Directions —
Use the entries below and reproduce exactly the lines from the one containing "Great session for" down to the one containing "Florida Secretary of", both of them included.
*** Supplied data ***
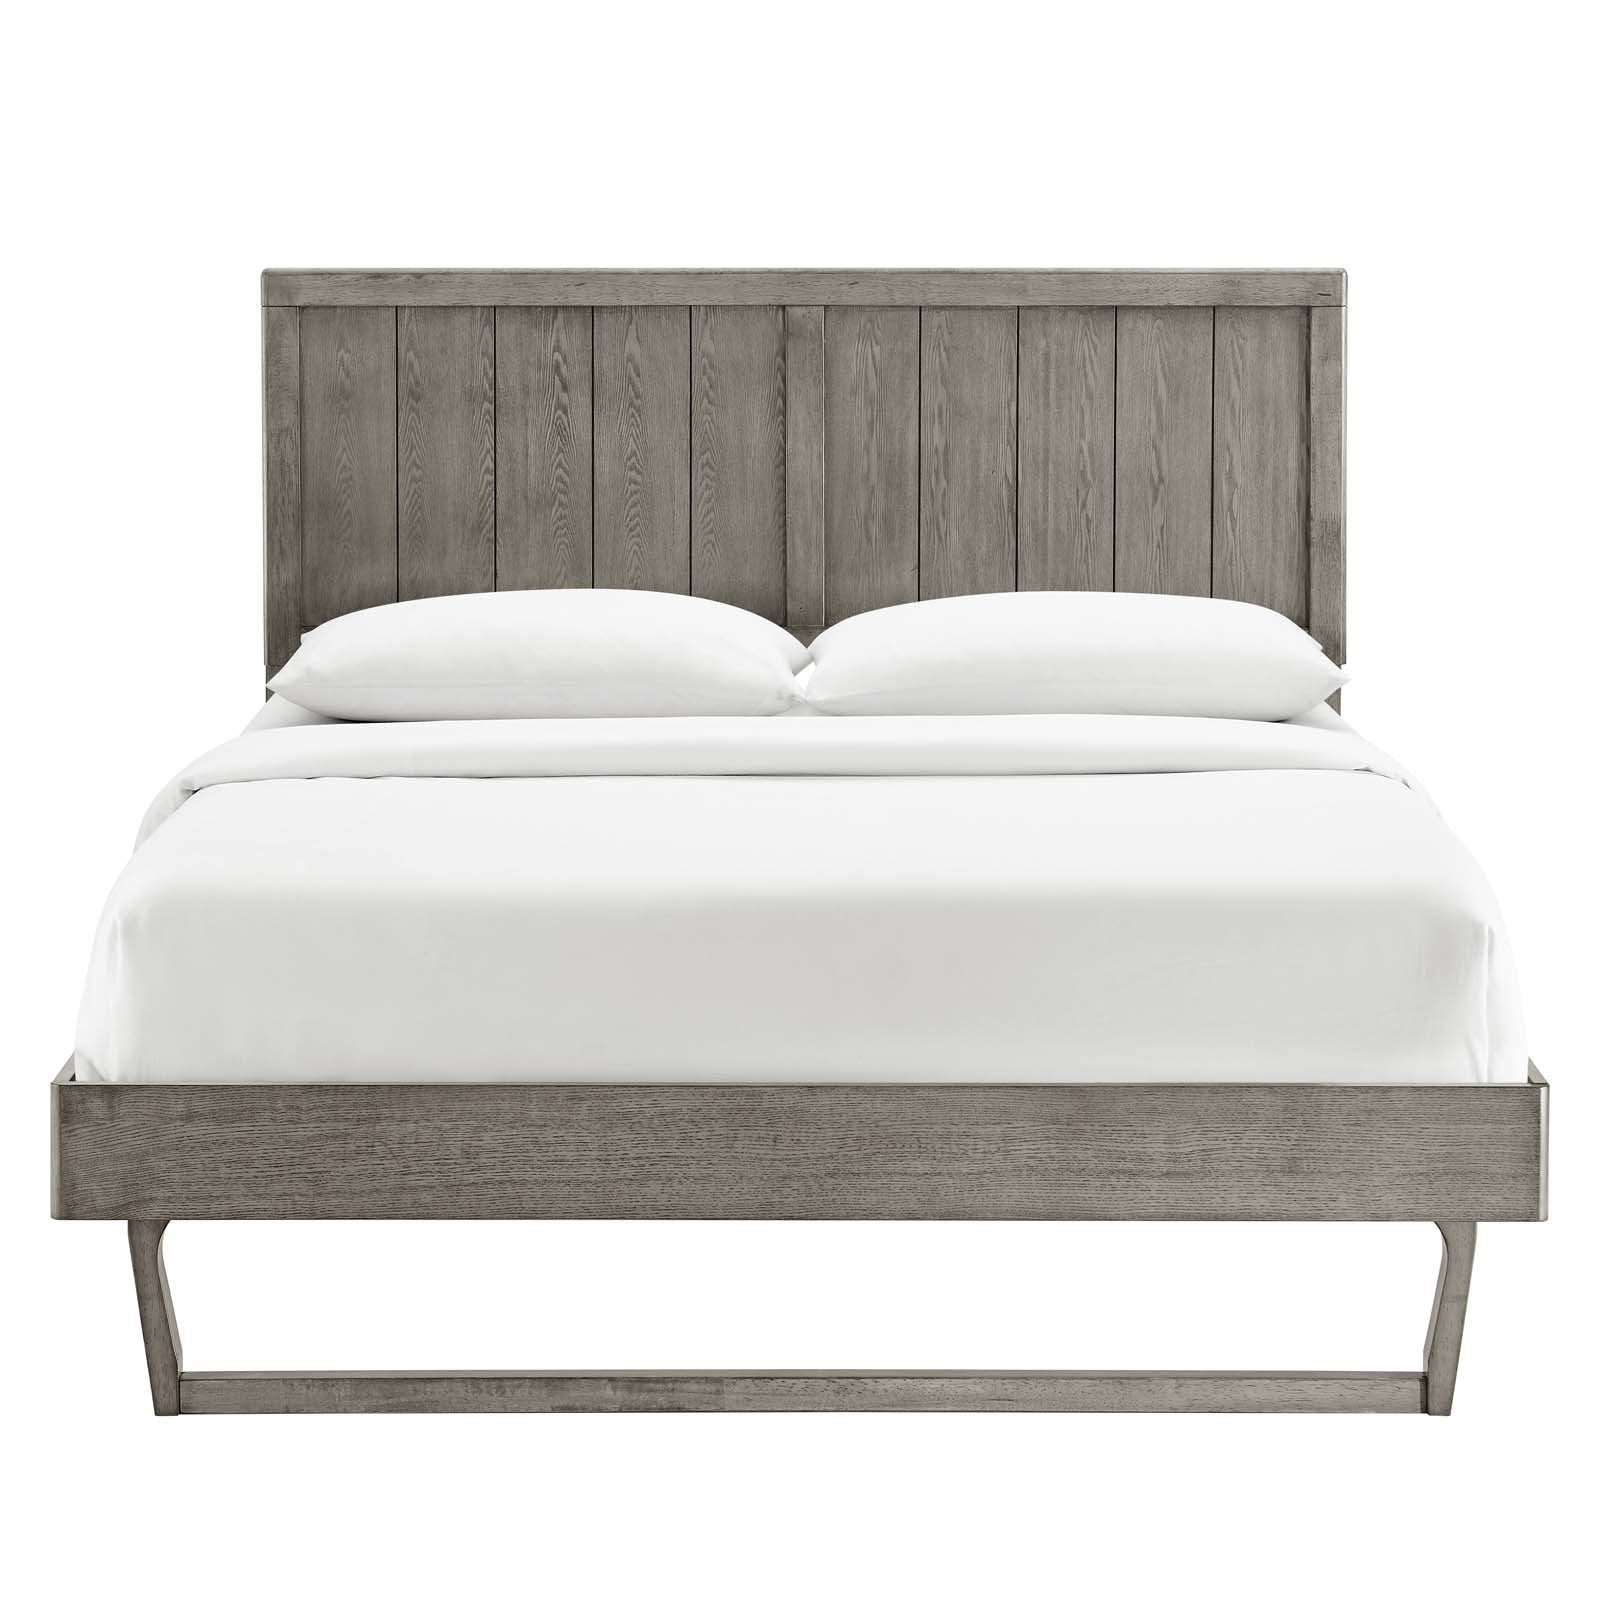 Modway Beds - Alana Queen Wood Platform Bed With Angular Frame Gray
*** End of Supplied data ***
*** Supplied data ***
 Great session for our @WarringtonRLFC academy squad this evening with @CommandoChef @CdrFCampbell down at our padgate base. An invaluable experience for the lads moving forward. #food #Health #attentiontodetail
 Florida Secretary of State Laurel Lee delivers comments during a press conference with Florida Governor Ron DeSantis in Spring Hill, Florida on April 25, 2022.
*** End of Supplied data ***
*** Supplied data ***
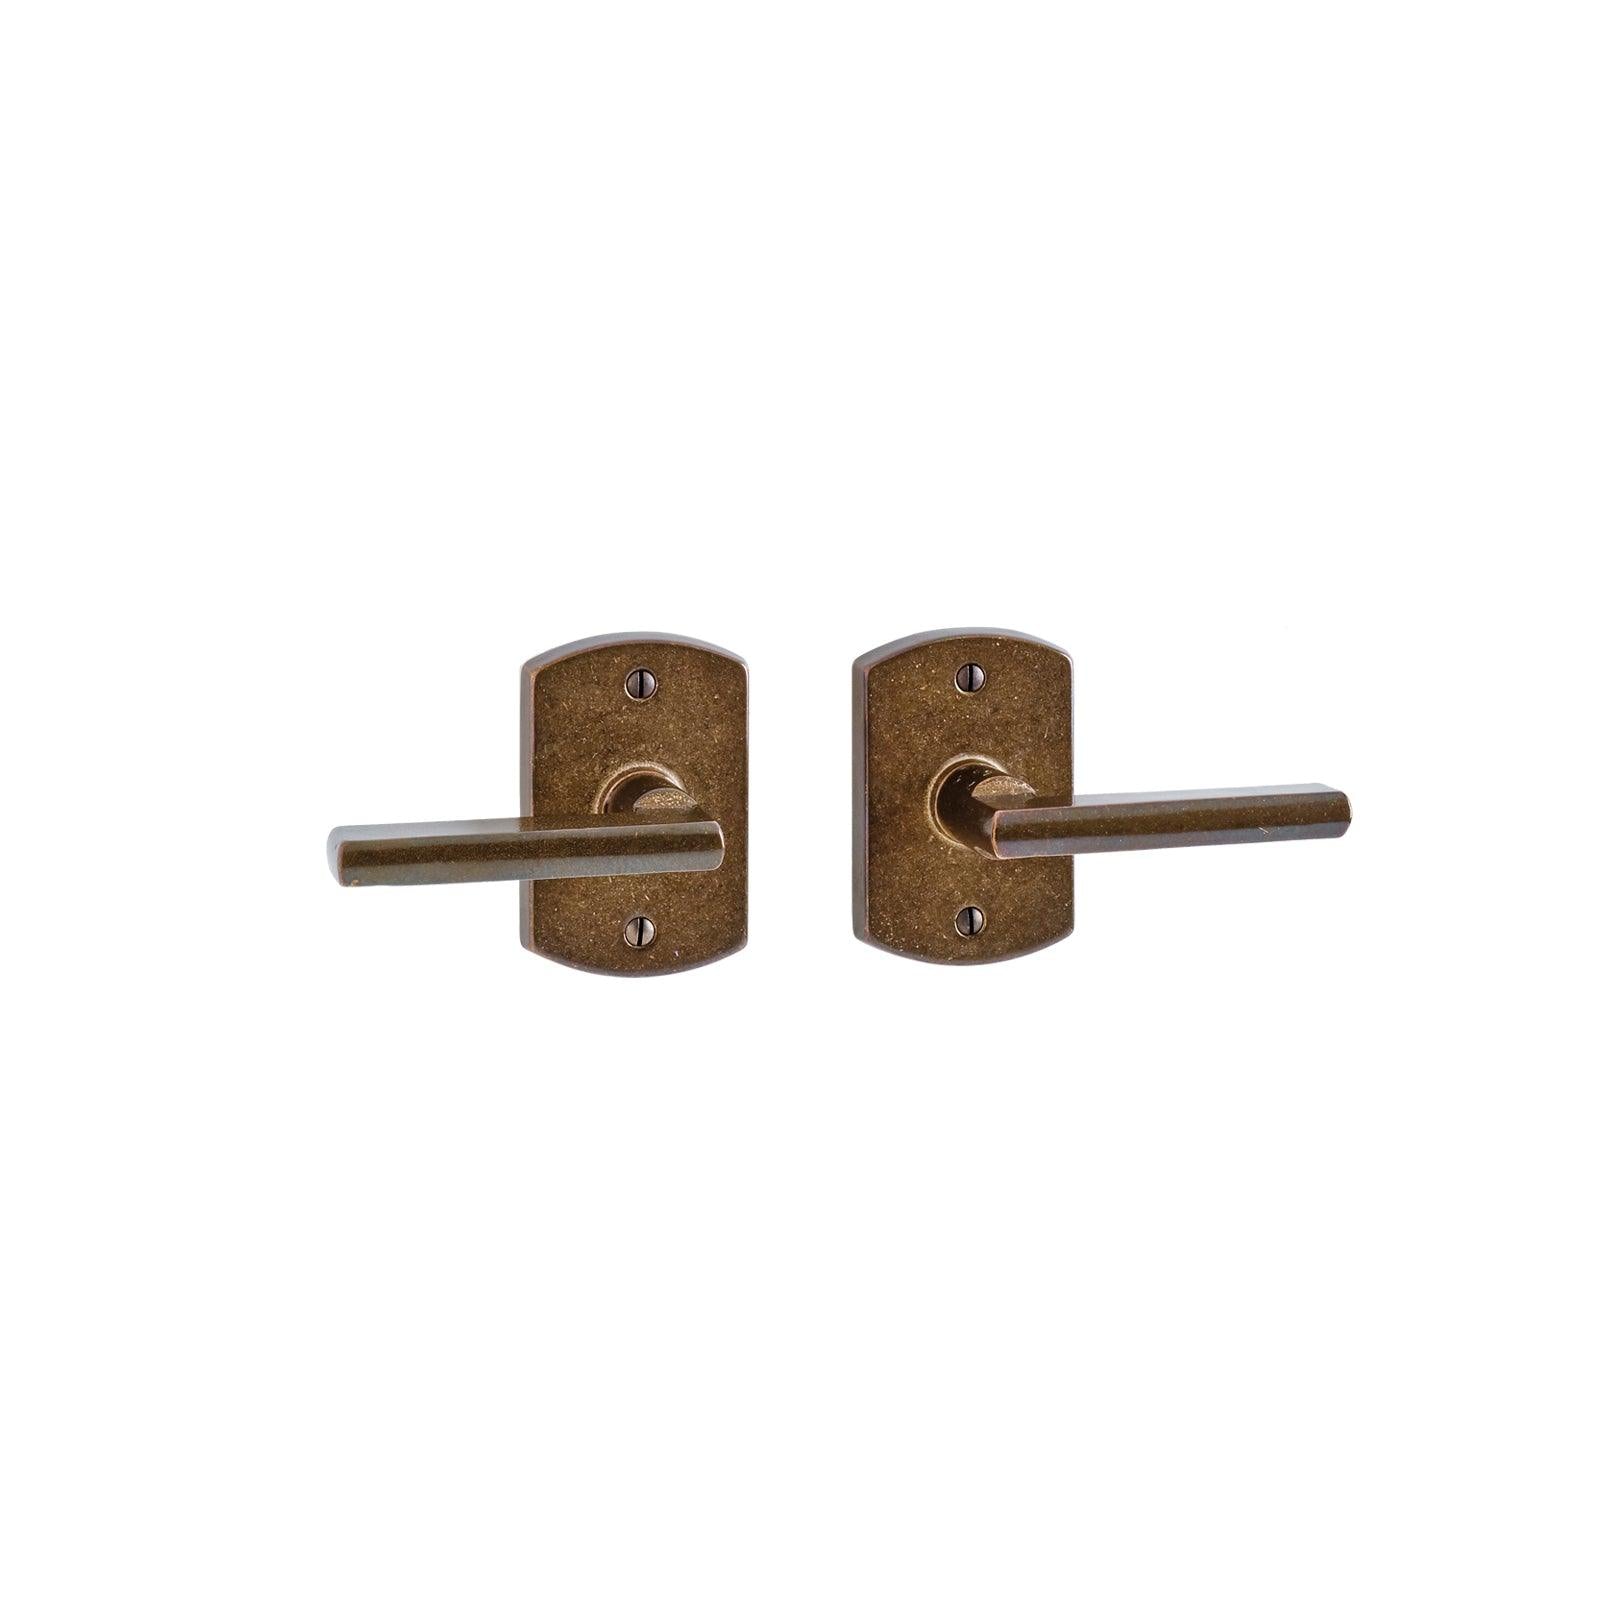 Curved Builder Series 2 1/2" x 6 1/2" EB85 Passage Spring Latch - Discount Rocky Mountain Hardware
*** End of Supplied data ***
Answer to this task —
 Great session for our @WarringtonRLFC academy squad this evening with @CommandoChef @CdrFCampbell down at our padgate base. An invaluable experience for the lads moving forward. #food #Health #attentiontodetail
 Florida Secretary of State Laurel Lee delivers comments during a press conference with Florida Governor Ron DeSantis in Spring Hill, Florida on April 25, 2022.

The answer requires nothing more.